Your objective: Keep the pictures out, and restate the listing that follows exactly as written.

*** Dataset extract ***

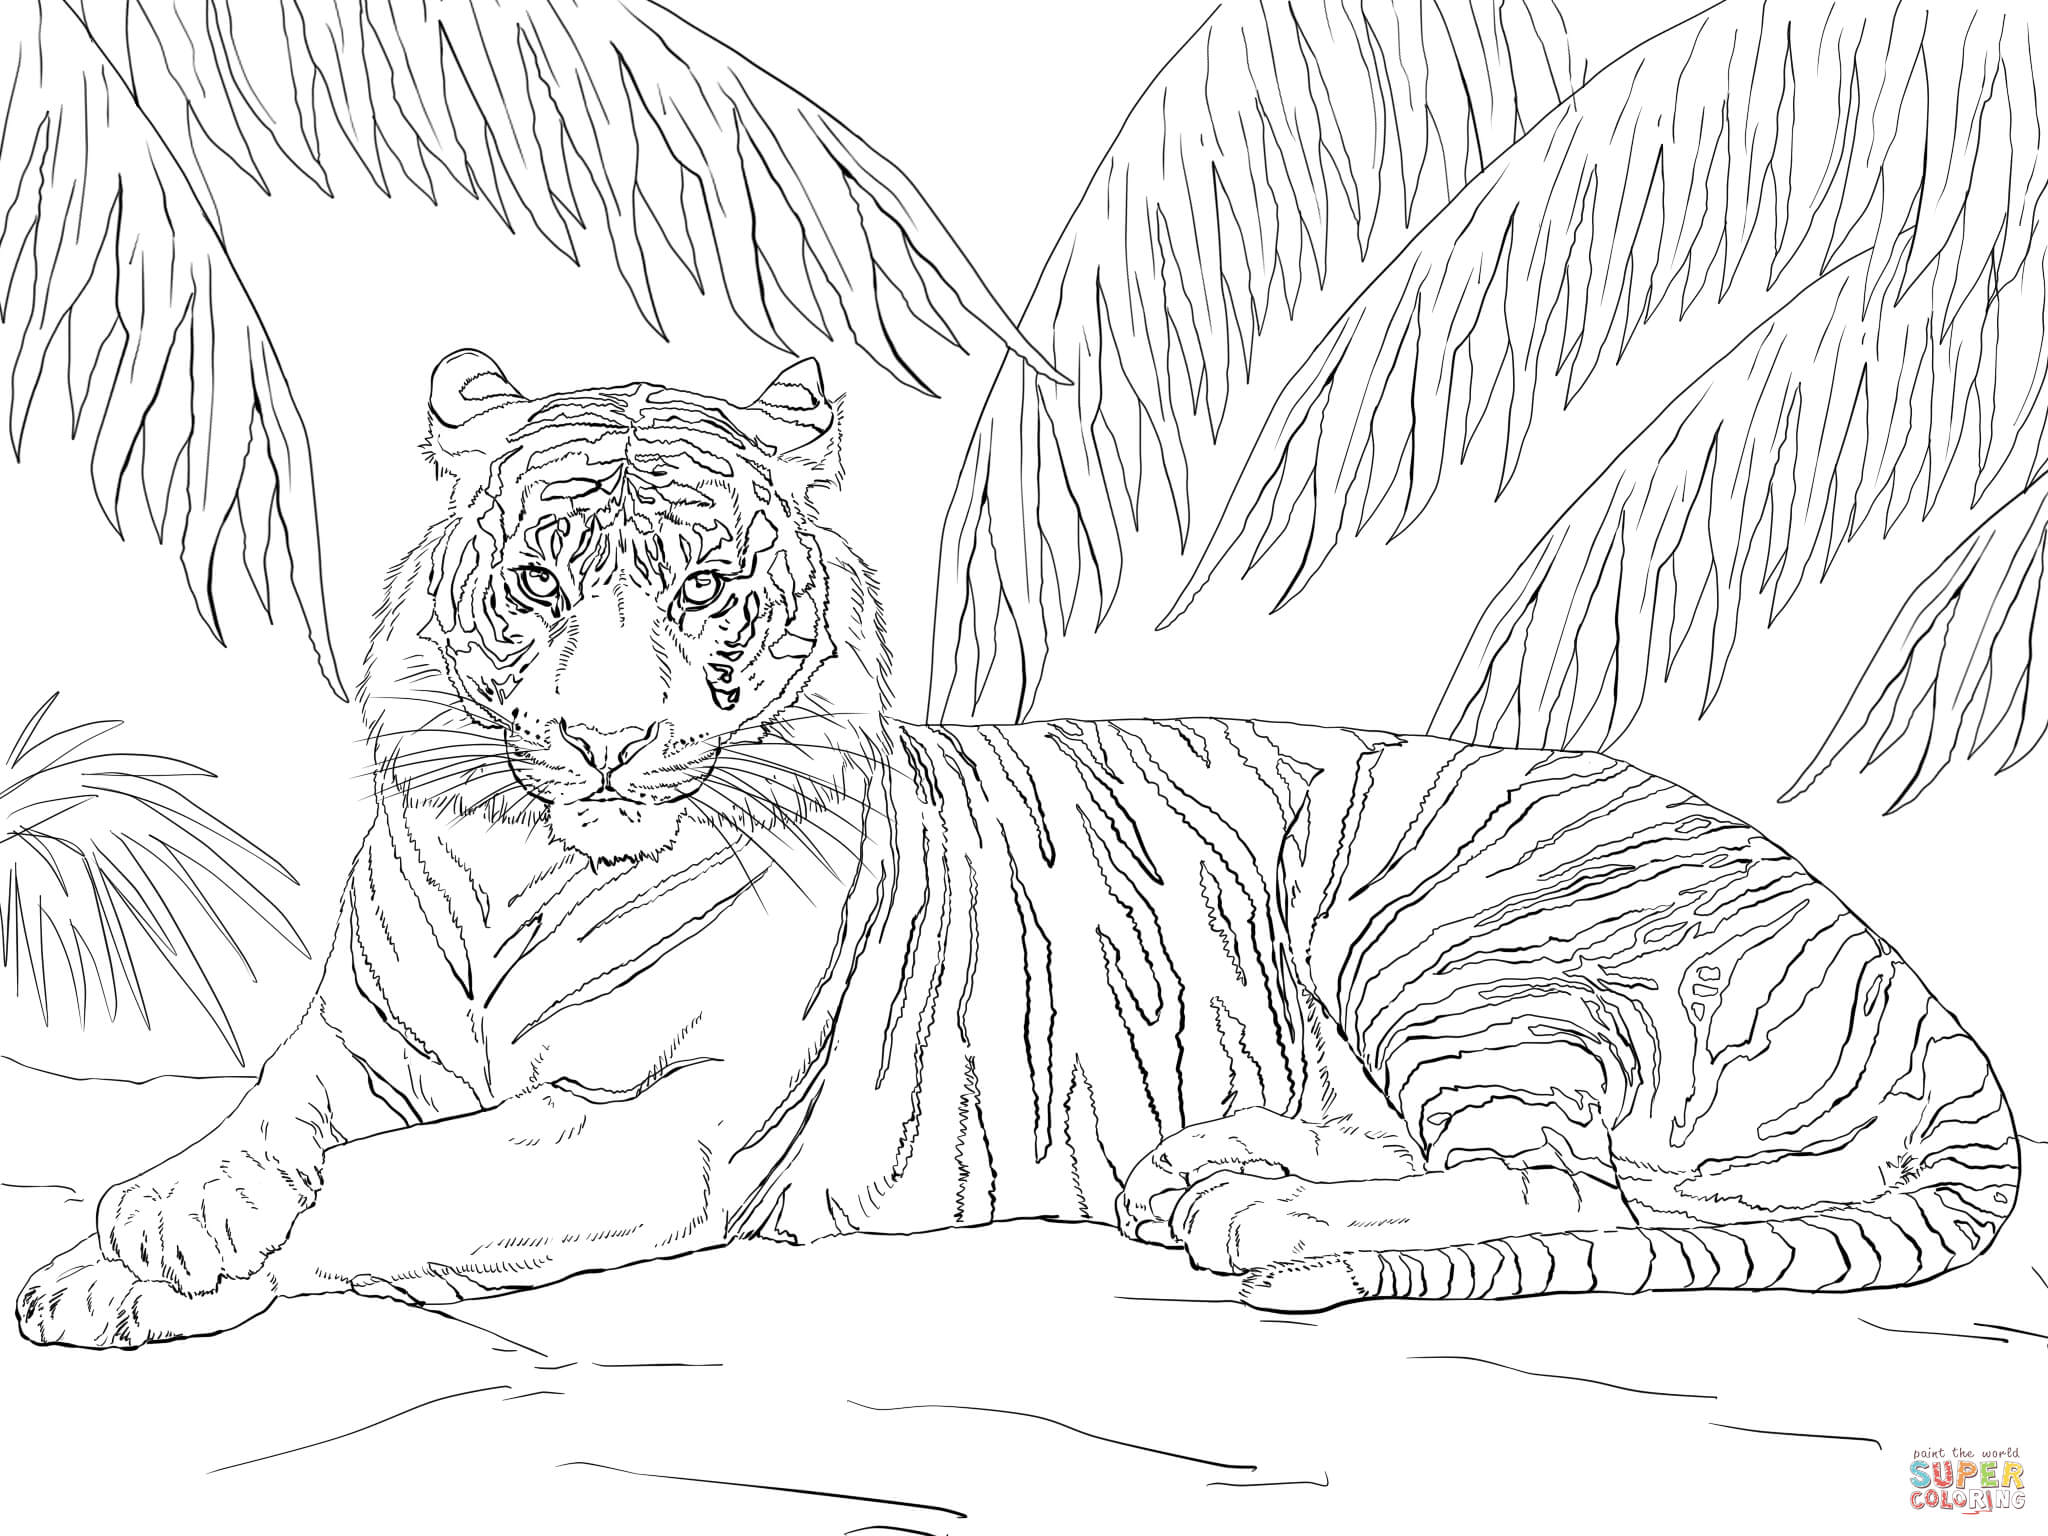 Sumatran tiger laying down coloring page free printable coloring pages
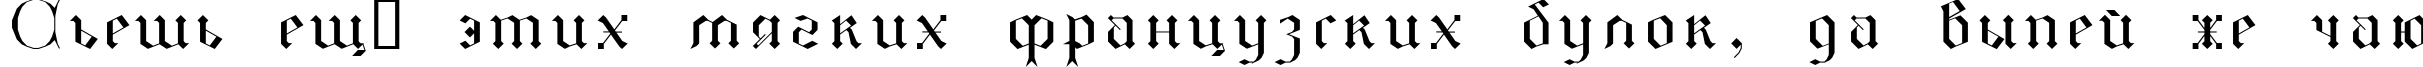 Пример написания шрифтом GothicI текста на русском
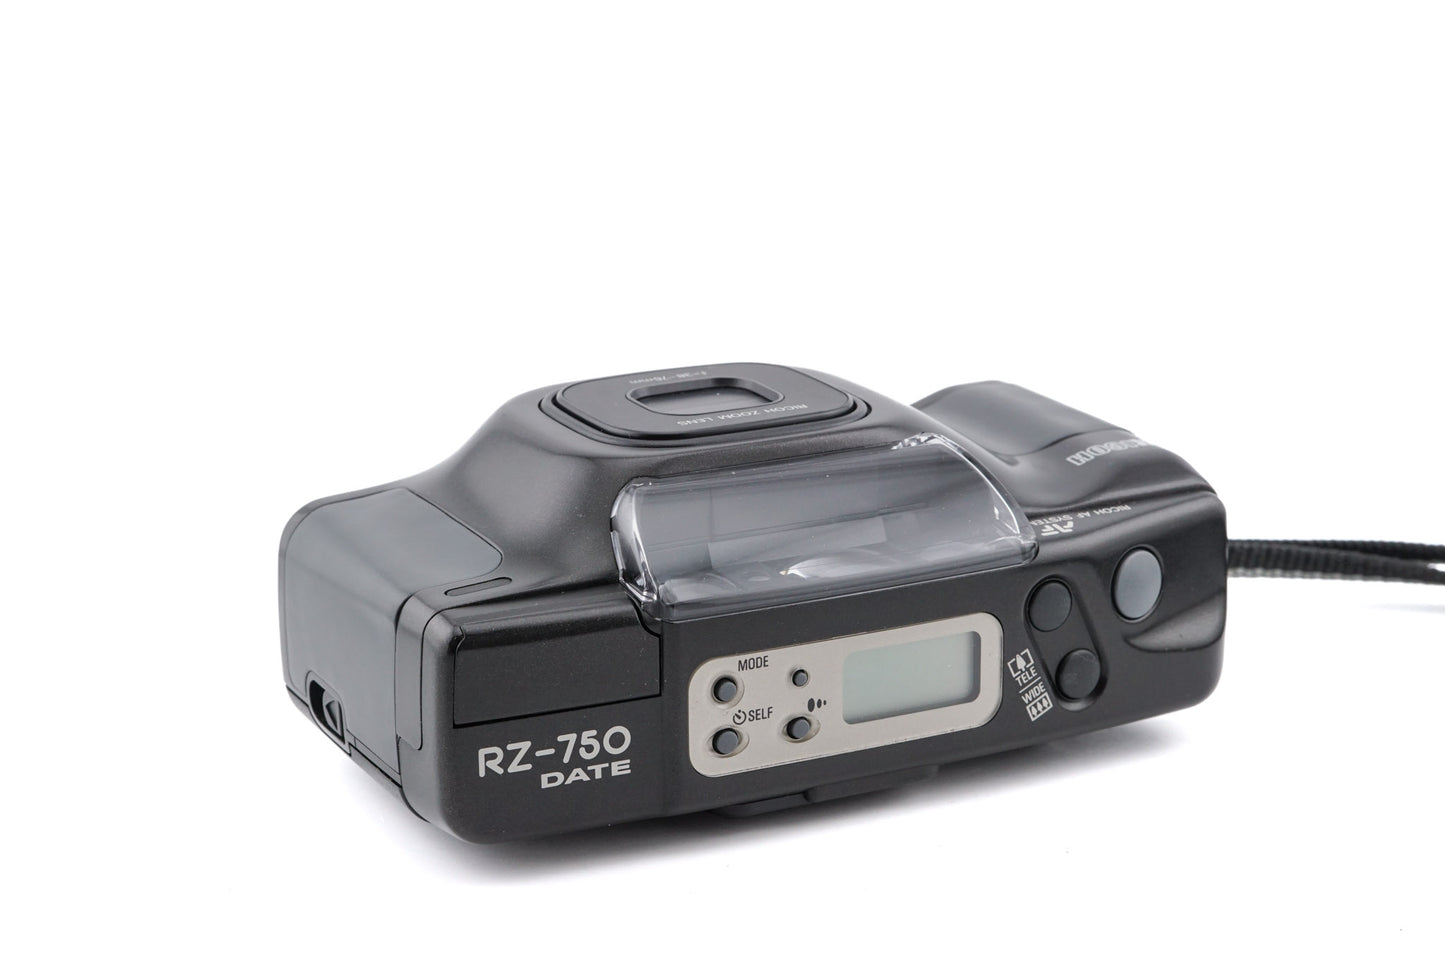 Ricoh RZ-750 Date

***

Your solution:
 Sumatran tiger laying down coloring page free printable coloring pages
 Пример написания шрифтом GothicI текста на русском
 Ricoh RZ-750 Date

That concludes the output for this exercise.